What is expected>
Print each entry verbatim.

Excerpted data>
—————

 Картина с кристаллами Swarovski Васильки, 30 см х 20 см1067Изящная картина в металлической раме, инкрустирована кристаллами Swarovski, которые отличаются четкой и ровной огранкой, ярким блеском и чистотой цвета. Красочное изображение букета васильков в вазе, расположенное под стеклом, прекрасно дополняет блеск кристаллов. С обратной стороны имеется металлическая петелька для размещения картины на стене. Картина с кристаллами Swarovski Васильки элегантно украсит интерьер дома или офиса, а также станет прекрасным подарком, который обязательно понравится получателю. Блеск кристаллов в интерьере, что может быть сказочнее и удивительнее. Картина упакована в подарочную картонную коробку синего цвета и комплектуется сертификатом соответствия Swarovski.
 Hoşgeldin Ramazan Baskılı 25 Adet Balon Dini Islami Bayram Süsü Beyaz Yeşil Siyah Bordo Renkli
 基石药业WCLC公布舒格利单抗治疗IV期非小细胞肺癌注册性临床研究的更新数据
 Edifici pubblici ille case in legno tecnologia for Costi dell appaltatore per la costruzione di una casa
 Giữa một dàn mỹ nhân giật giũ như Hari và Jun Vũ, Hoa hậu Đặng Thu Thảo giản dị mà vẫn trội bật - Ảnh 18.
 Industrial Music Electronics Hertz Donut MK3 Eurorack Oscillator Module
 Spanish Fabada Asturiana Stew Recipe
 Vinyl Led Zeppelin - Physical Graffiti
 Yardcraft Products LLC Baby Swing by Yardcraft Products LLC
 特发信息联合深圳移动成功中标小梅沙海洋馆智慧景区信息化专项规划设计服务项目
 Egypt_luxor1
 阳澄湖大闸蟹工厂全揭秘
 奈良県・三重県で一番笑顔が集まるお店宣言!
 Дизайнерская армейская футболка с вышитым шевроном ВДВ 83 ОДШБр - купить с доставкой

—————

Result of the task>
 Картина с кристаллами Swarovski Васильки, 30 см х 20 см1067Изящная картина в металлической раме, инкрустирована кристаллами Swarovski, которые отличаются четкой и ровной огранкой, ярким блеском и чистотой цвета. Красочное изображение букета васильков в вазе, расположенное под стеклом, прекрасно дополняет блеск кристаллов. С обратной стороны имеется металлическая петелька для размещения картины на стене. Картина с кристаллами Swarovski Васильки элегантно украсит интерьер дома или офиса, а также станет прекрасным подарком, который обязательно понравится получателю. Блеск кристаллов в интерьере, что может быть сказочнее и удивительнее. Картина упакована в подарочную картонную коробку синего цвета и комплектуется сертификатом соответствия Swarovski.
 Hoşgeldin Ramazan Baskılı 25 Adet Balon Dini Islami Bayram Süsü Beyaz Yeşil Siyah Bordo Renkli
 基石药业WCLC公布舒格利单抗治疗IV期非小细胞肺癌注册性临床研究的更新数据
 Edifici pubblici ille case in legno tecnologia for Costi dell appaltatore per la costruzione di una casa
 Giữa một dàn mỹ nhân giật giũ như Hari và Jun Vũ, Hoa hậu Đặng Thu Thảo giản dị mà vẫn trội bật - Ảnh 18.
 Industrial Music Electronics Hertz Donut MK3 Eurorack Oscillator Module
 Spanish Fabada Asturiana Stew Recipe
 Vinyl Led Zeppelin - Physical Graffiti
 Yardcraft Products LLC Baby Swing by Yardcraft Products LLC
 特发信息联合深圳移动成功中标小梅沙海洋馆智慧景区信息化专项规划设计服务项目
 Egypt_luxor1
 阳澄湖大闸蟹工厂全揭秘
 奈良県・三重県で一番笑顔が集まるお店宣言!
 Дизайнерская армейская футболка с вышитым шевроном ВДВ 83 ОДШБр - купить с доставкой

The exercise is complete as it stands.